Individual sessions can probably never quite do justice to the social nature of human beings. Whereas the dyad of practitioner and single client tends to represent the earliest mother-child relationship, the triad of the (minimal) group of three tends to introduce themes connected with father, family and society beyond. At this more oedipal level more conflicts can be sustained and worked through, the group functioning as a series of triads, checking the mergers of dyads, fostering differentiation, an inherent feature of maturity. This series of triads also ensures the representation of more than one helping viewpoint, thus curbing excessive dependency on authority (the group leader), modelling the potentials of ”power with” rather than ”power over”. Furthermore, many of the ”natural” or traditional groupings that are intermediate between the isolated individual and mass society e.g. families, church, political parties, may not address the resolution of interpersonal emotional difficulties amongst their members.

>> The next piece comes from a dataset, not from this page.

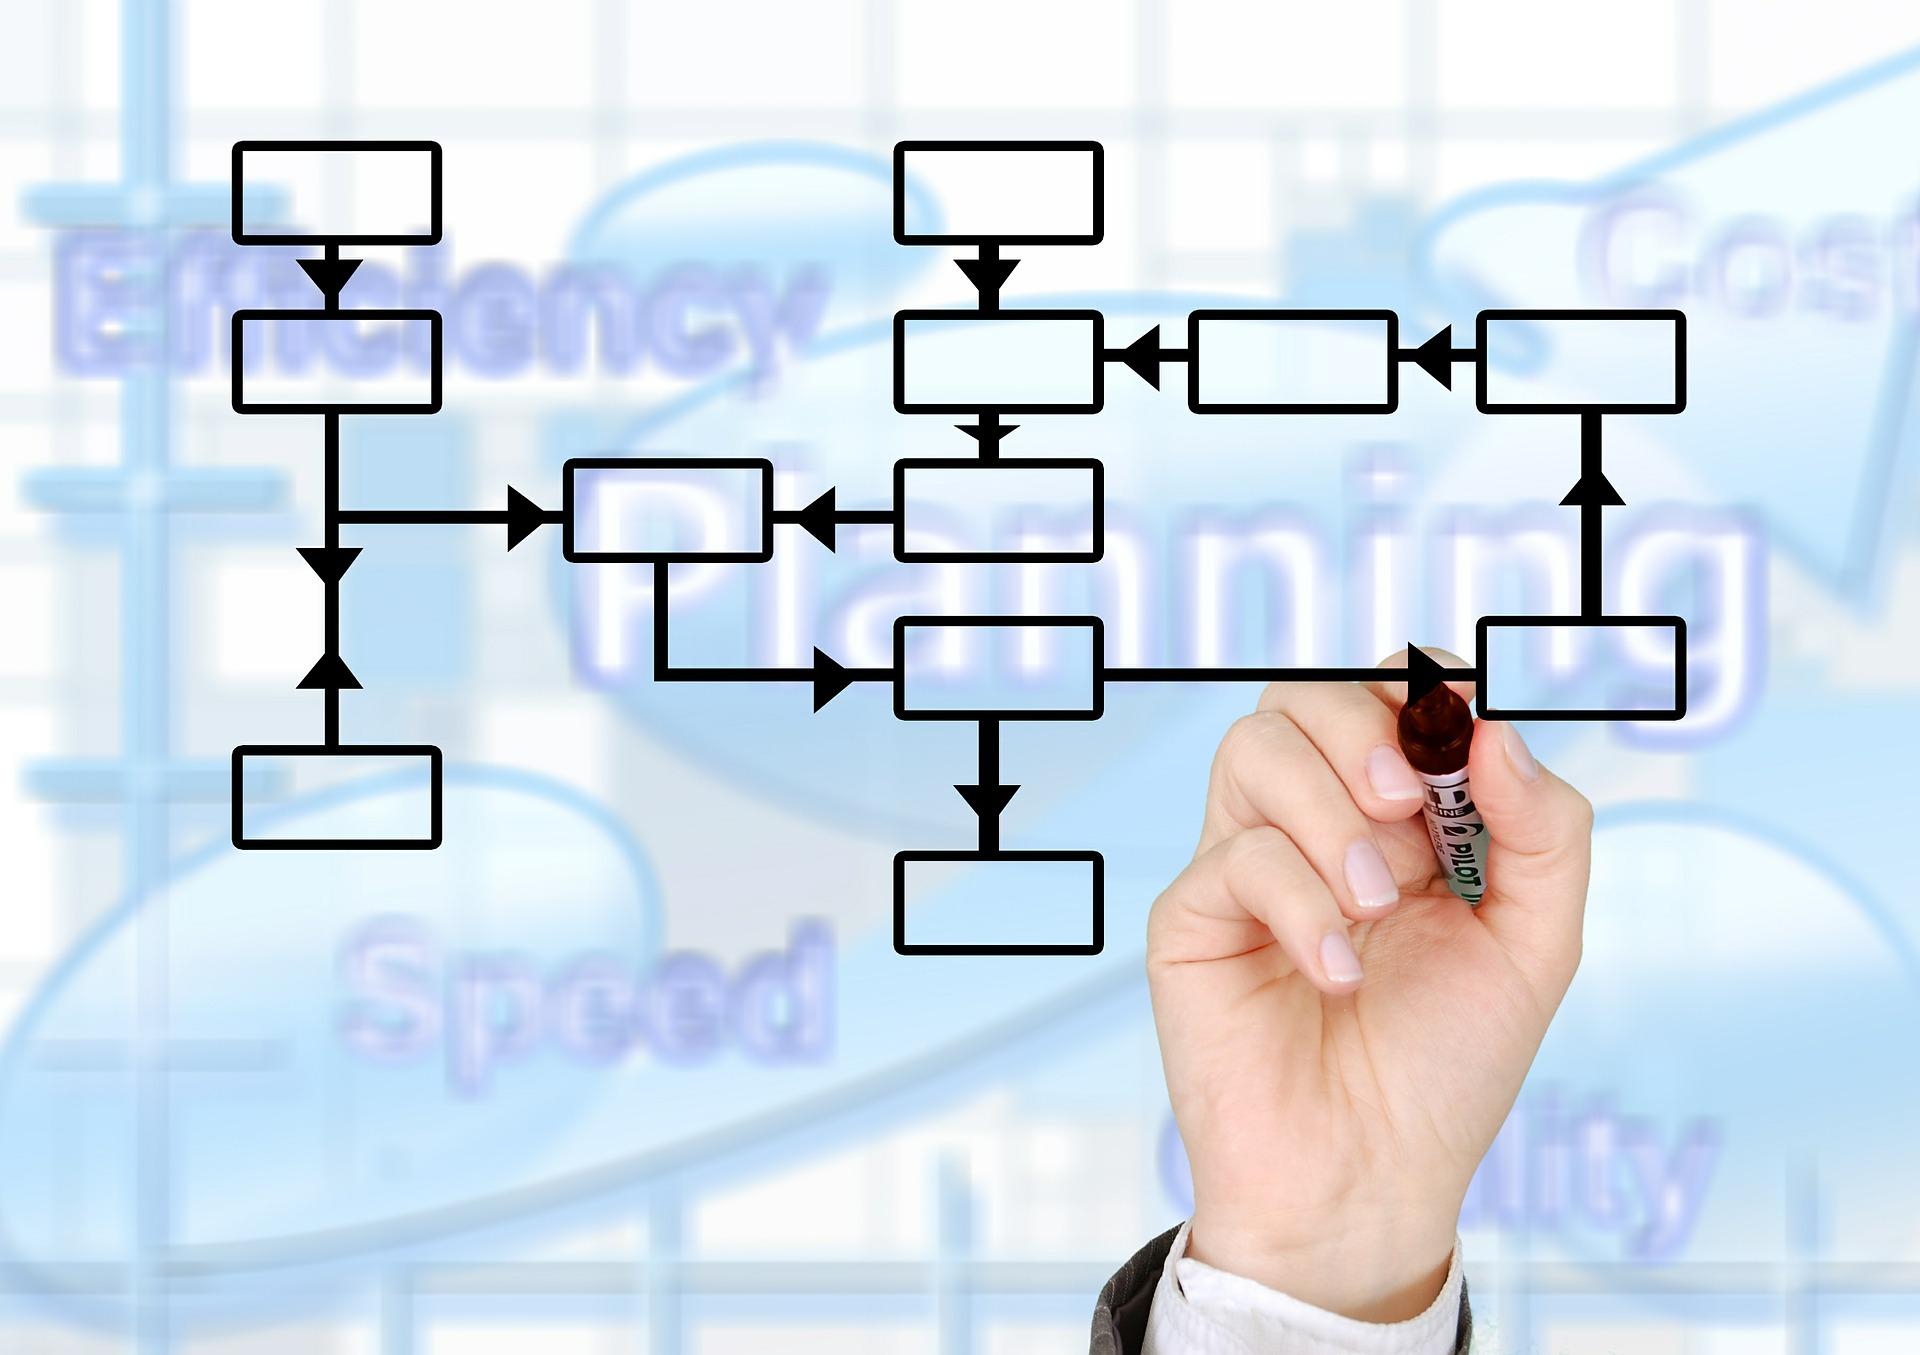 Проблемы классификации инфокоммуникационных услуг

Groupwork can be categorised according to whether the group offers individual work with the group leader in a group setting, or members working with each other with the leader facilitating this endeavour, or a focus on the group as a whole by the group leader. These are not necessarily exclusive categories and the percentage of each dimension present in any given group fluctuates. Like Janus, groupwork faces both inwards and outwards, situated more midway between the psyche and the social than private psychotherapy can ever be. Whereas in individual work my role is akin to that of the prostitute i.e. taking the place of another in a partial intimacy, in groupwork it is a more dual role; on the one hand like a janitor I manage a boundary; on the other hand like a catalyst I have the task of animating.

On the continent a group leader is commonly referred to as an ”animateur”. For myself, as a practitioner of bioenergetics and psychodrama, this is the term which best gives the flavour of my own style of groupwork. Someone who brings to life, who if not formally spiritual, is at least both spirited and spiriting, aiming to combine in practitionership elements of an art form and a political act. Groupwork can then extend beyond its healing and wholing assignments to become a theatre of activism for social change, a rehearsal space that is fun and exciting as well as painful and testing, all the while preparing the players for serious changes out there.